··· DATA SHOWN ···

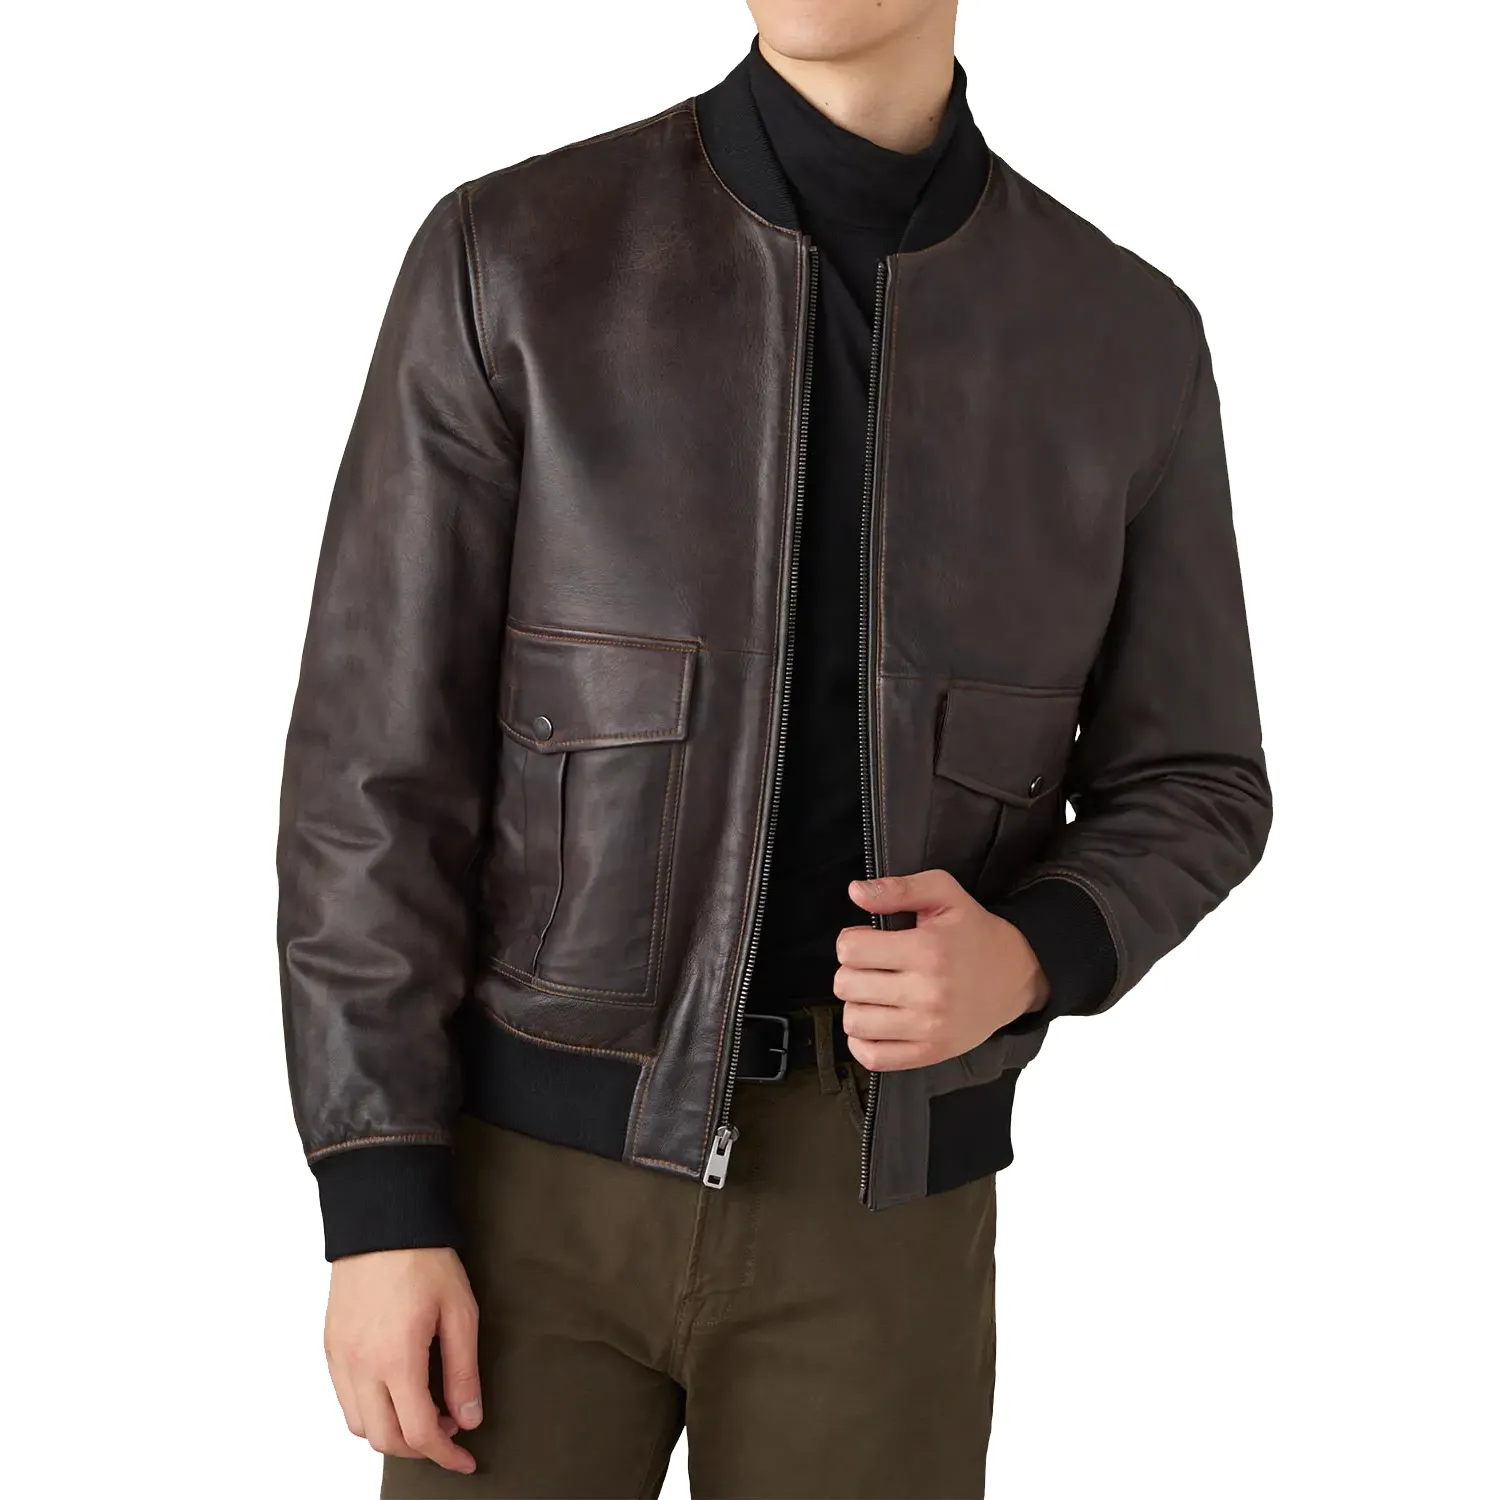 Men Real Leather Jackets Wholesale Leather Fashion Jacket in Bomber Style Genuine Cowhide Leather Jacket
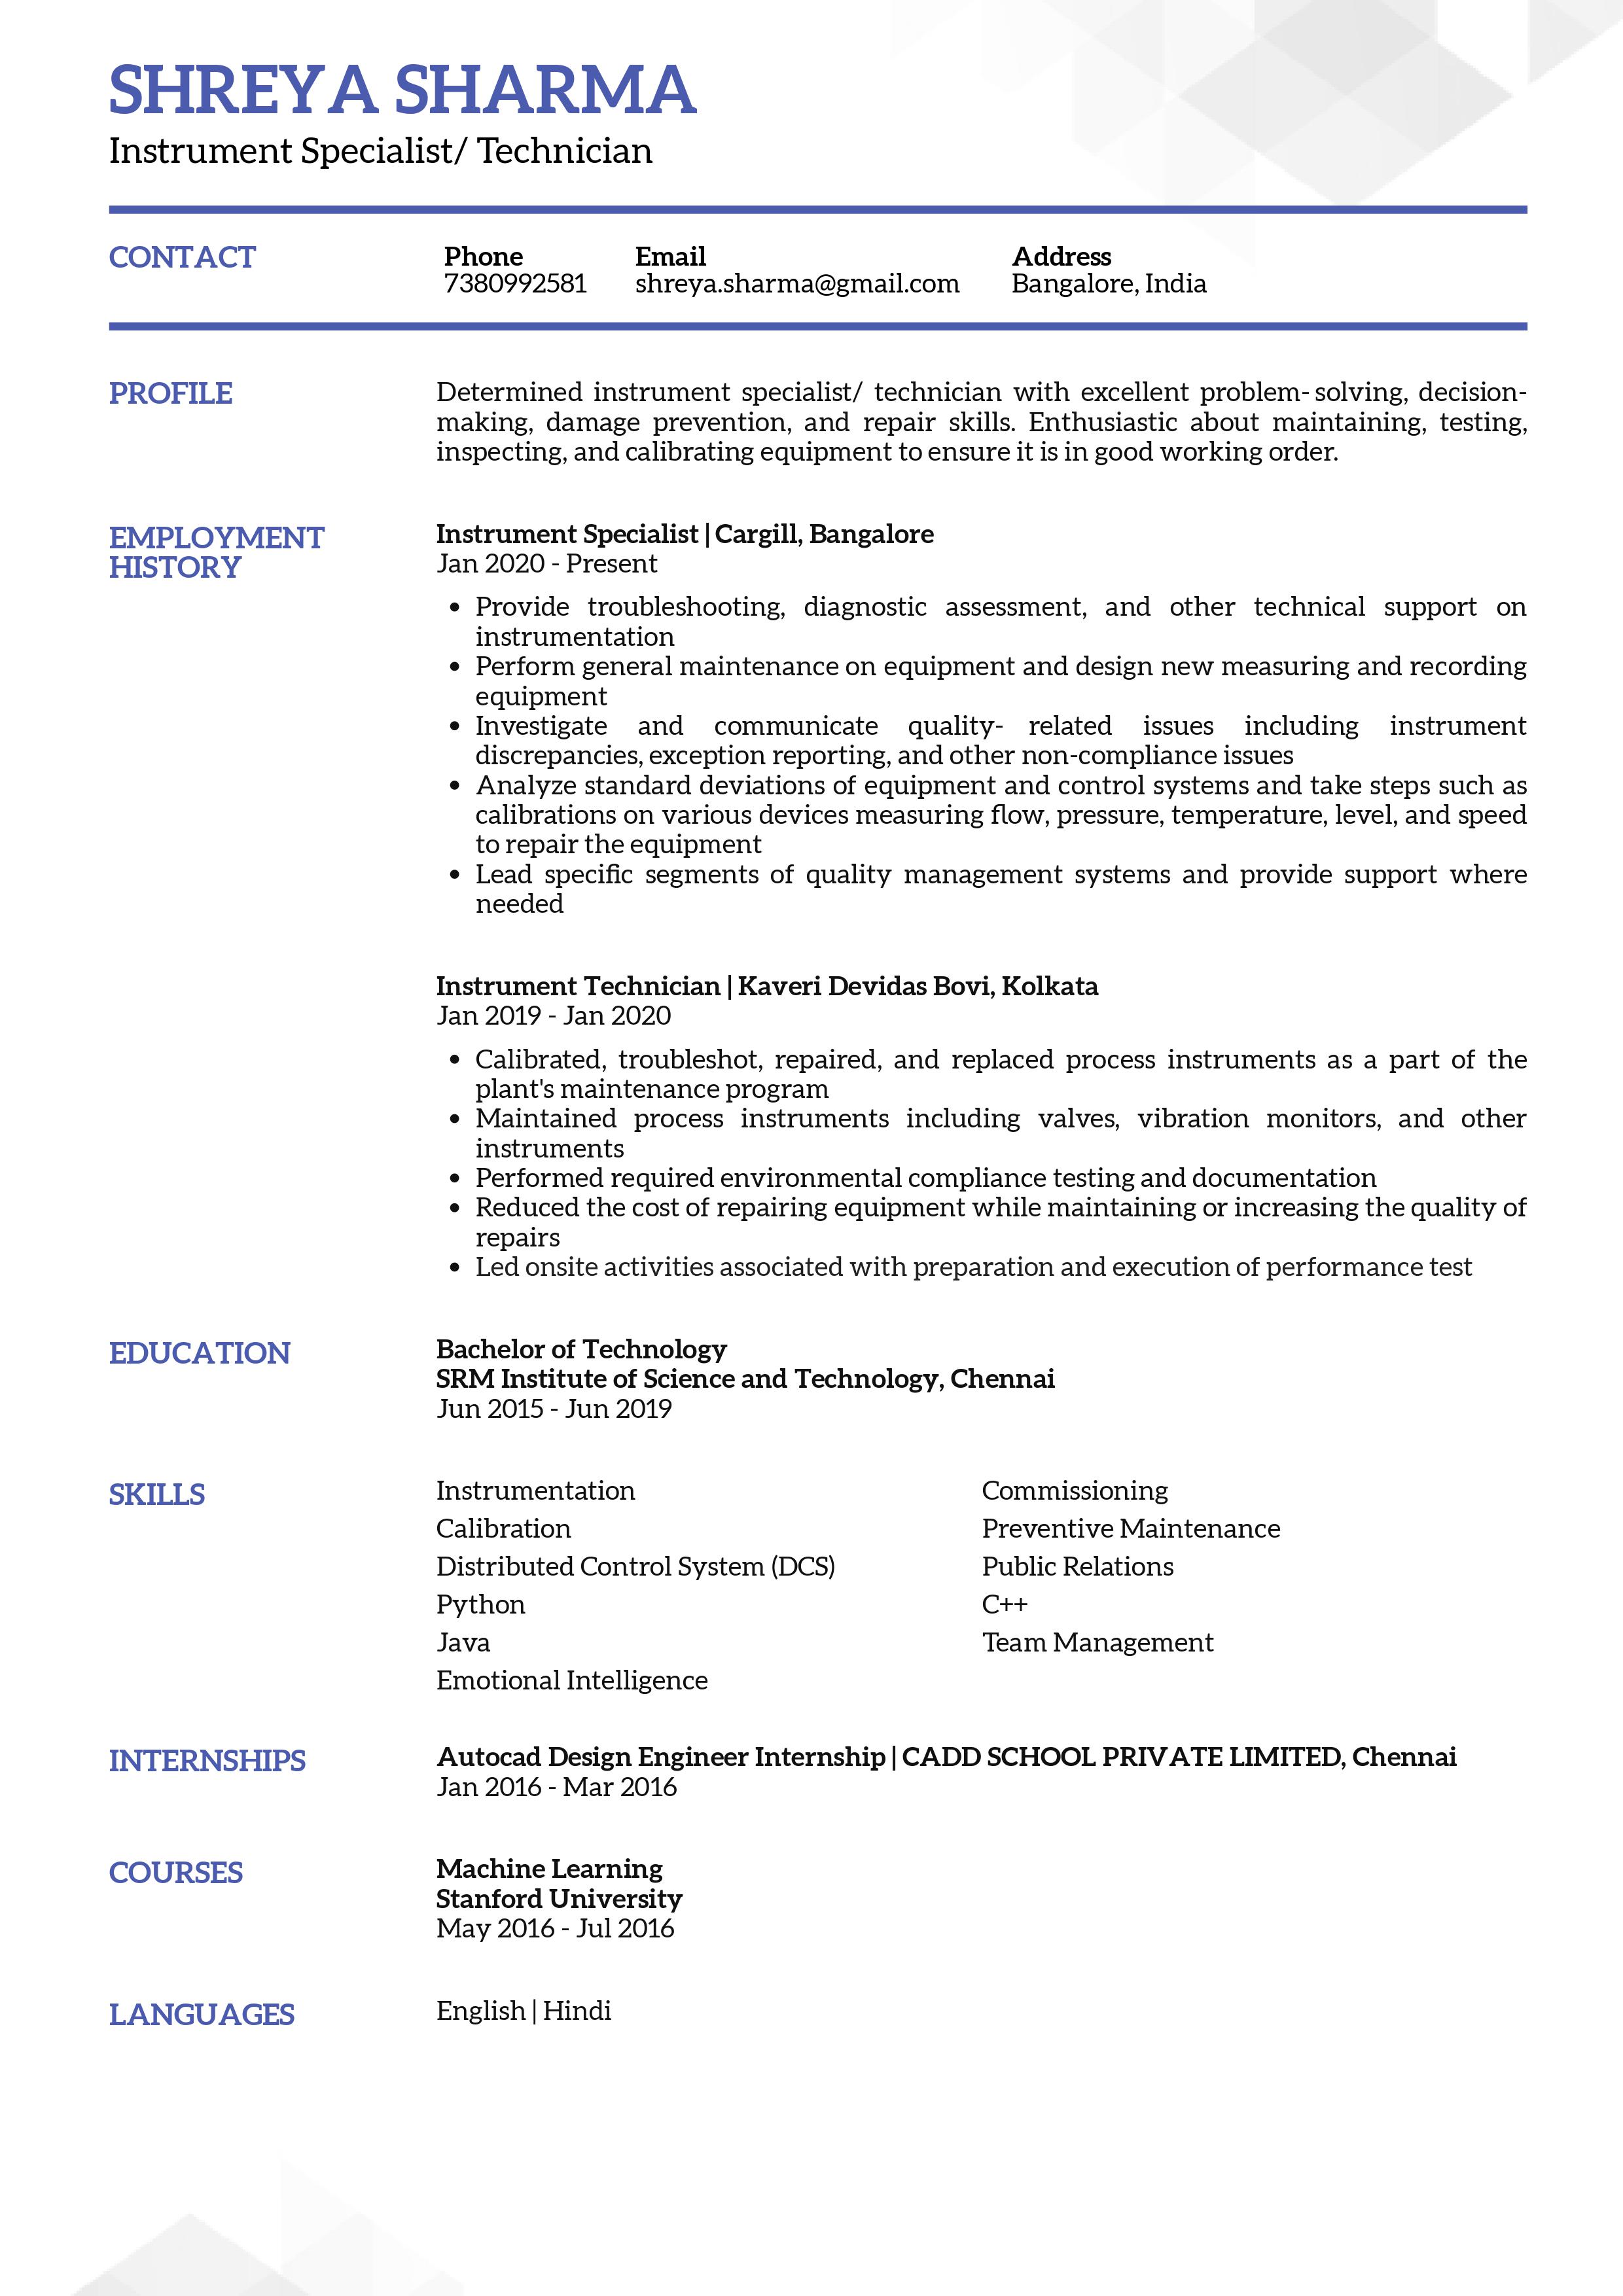 Sample Resume of Instrument Technician | Free Resume Templates & Samples on Resumod.co
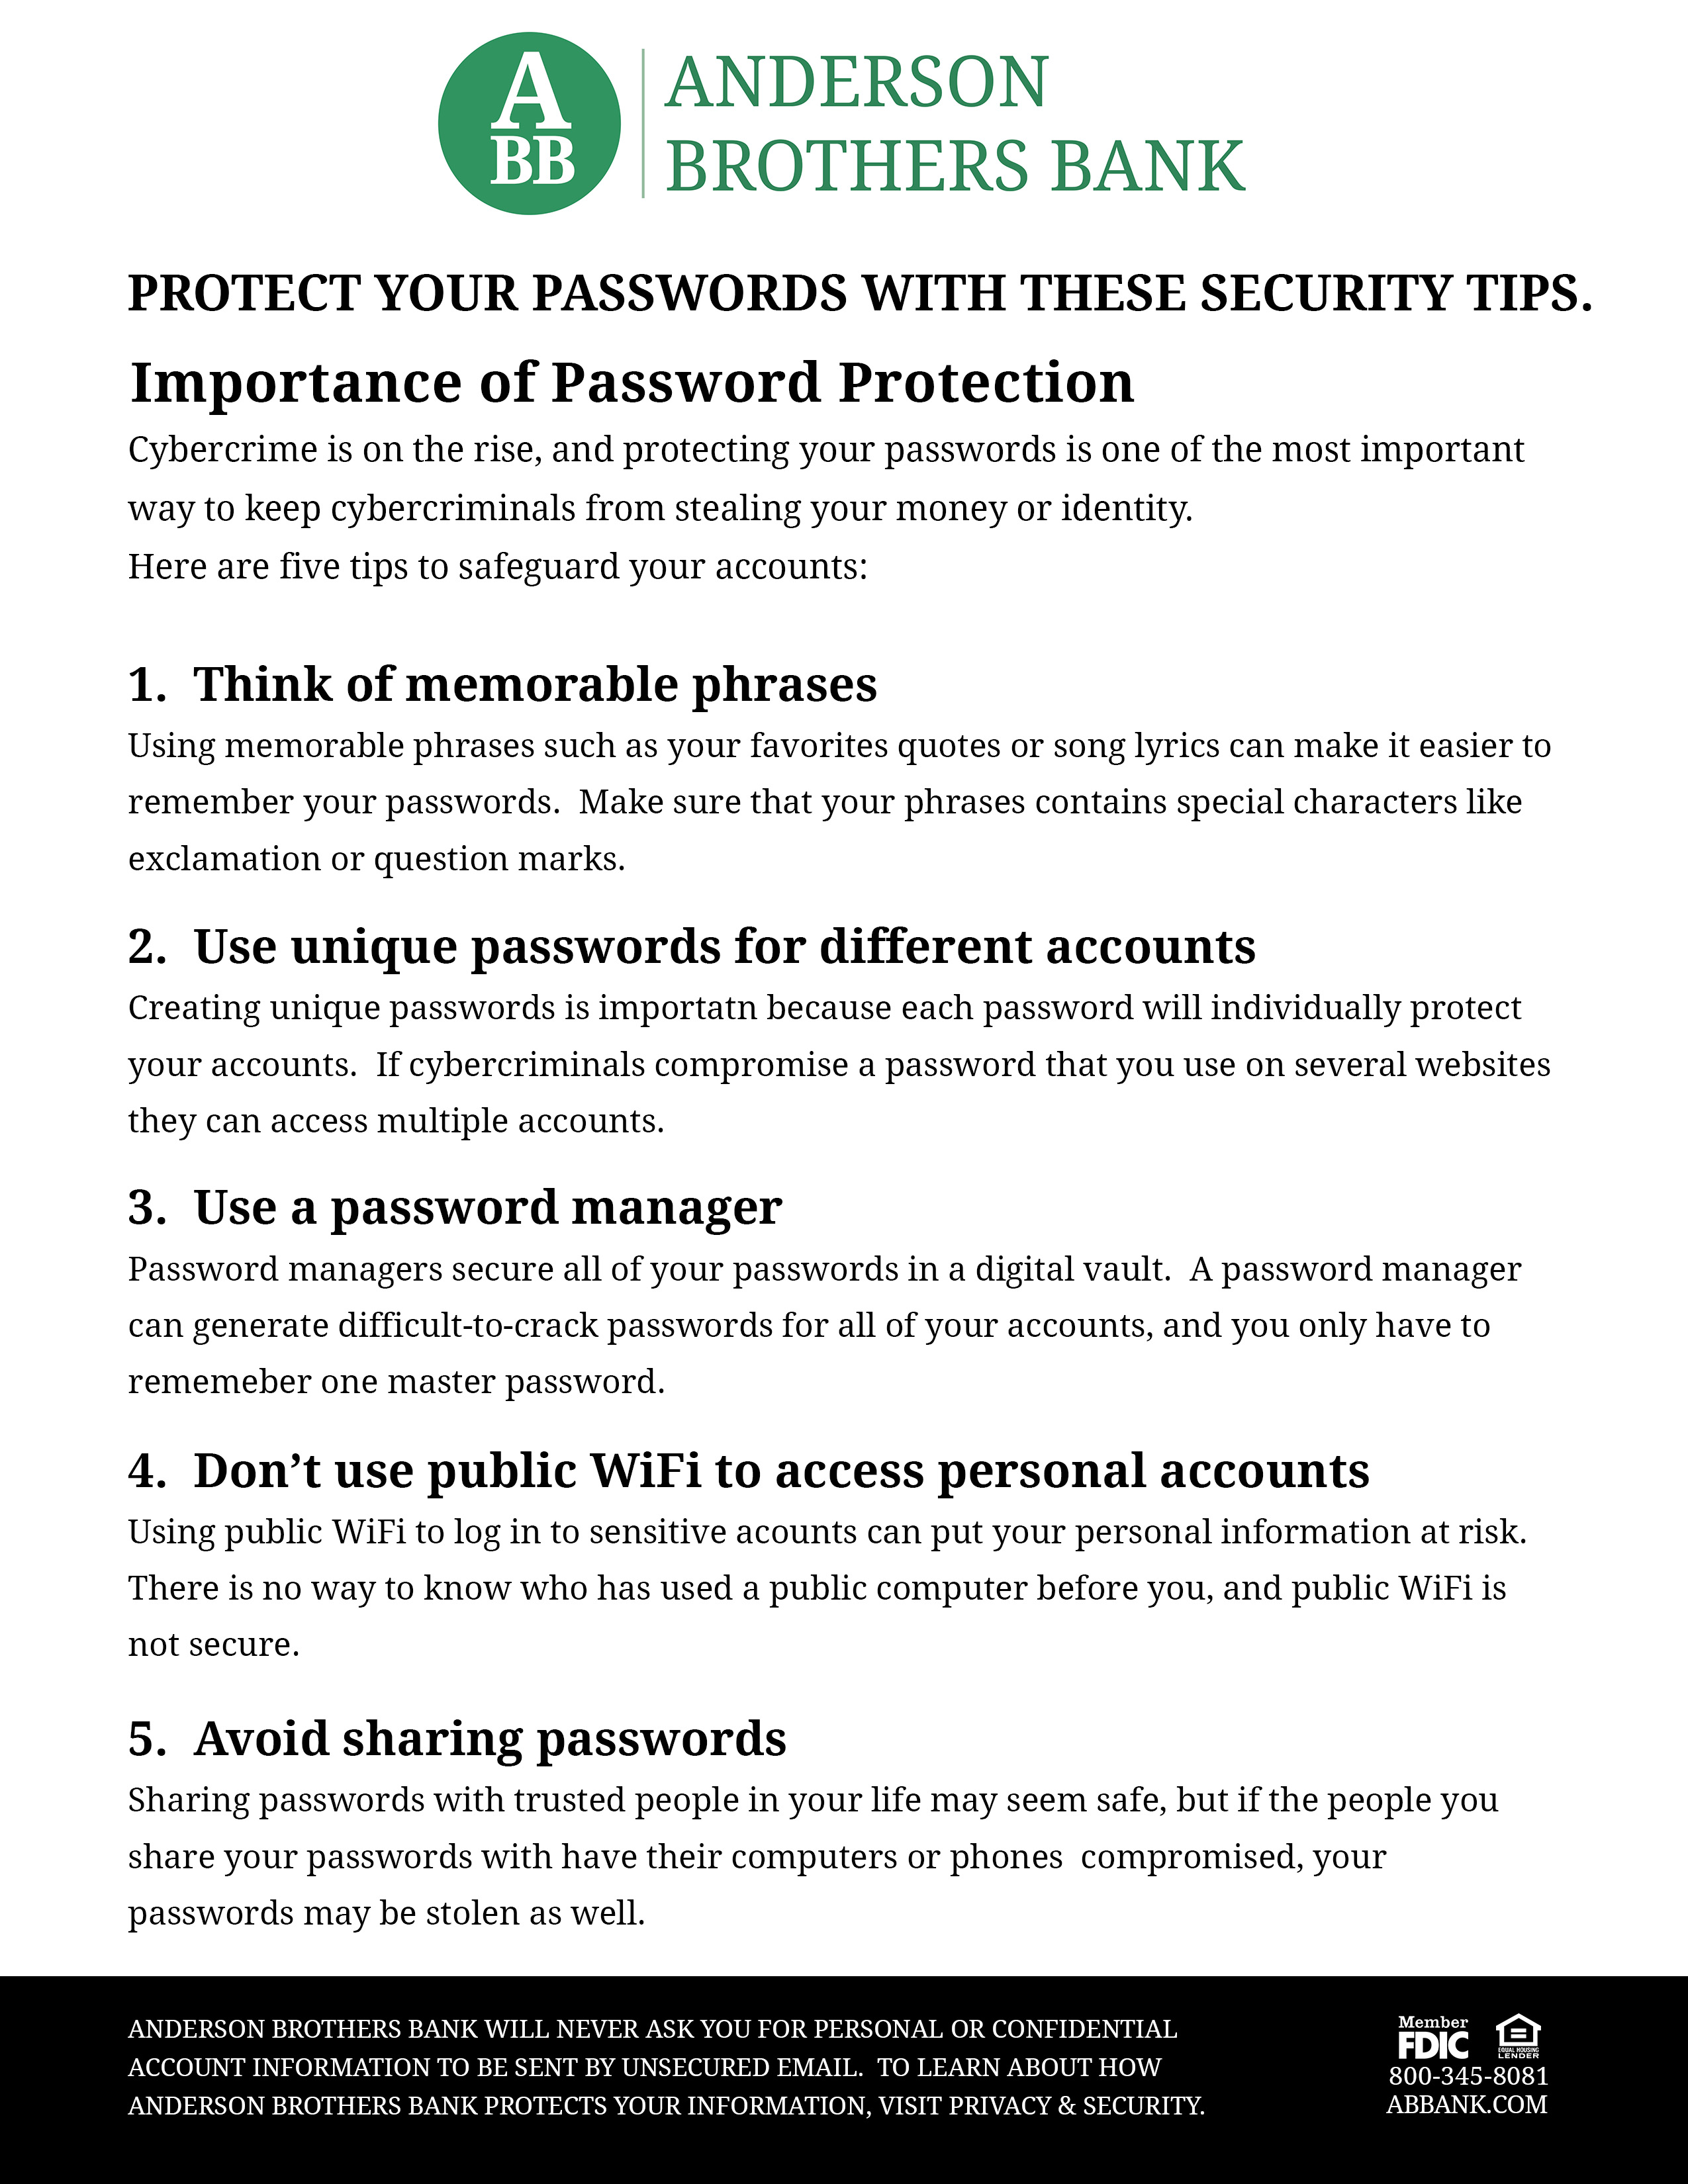 Protect You Passwords with these security tips.

···

Going from the line with "Sample Resume of" to the last line of the listing, write out each line exactly and nothing else. Leave out all pictures.

## ANSWER AREA
 Sample Resume of Instrument Technician | Free Resume Templates & Samples on Resumod.co
 Protect You Passwords with these security tips.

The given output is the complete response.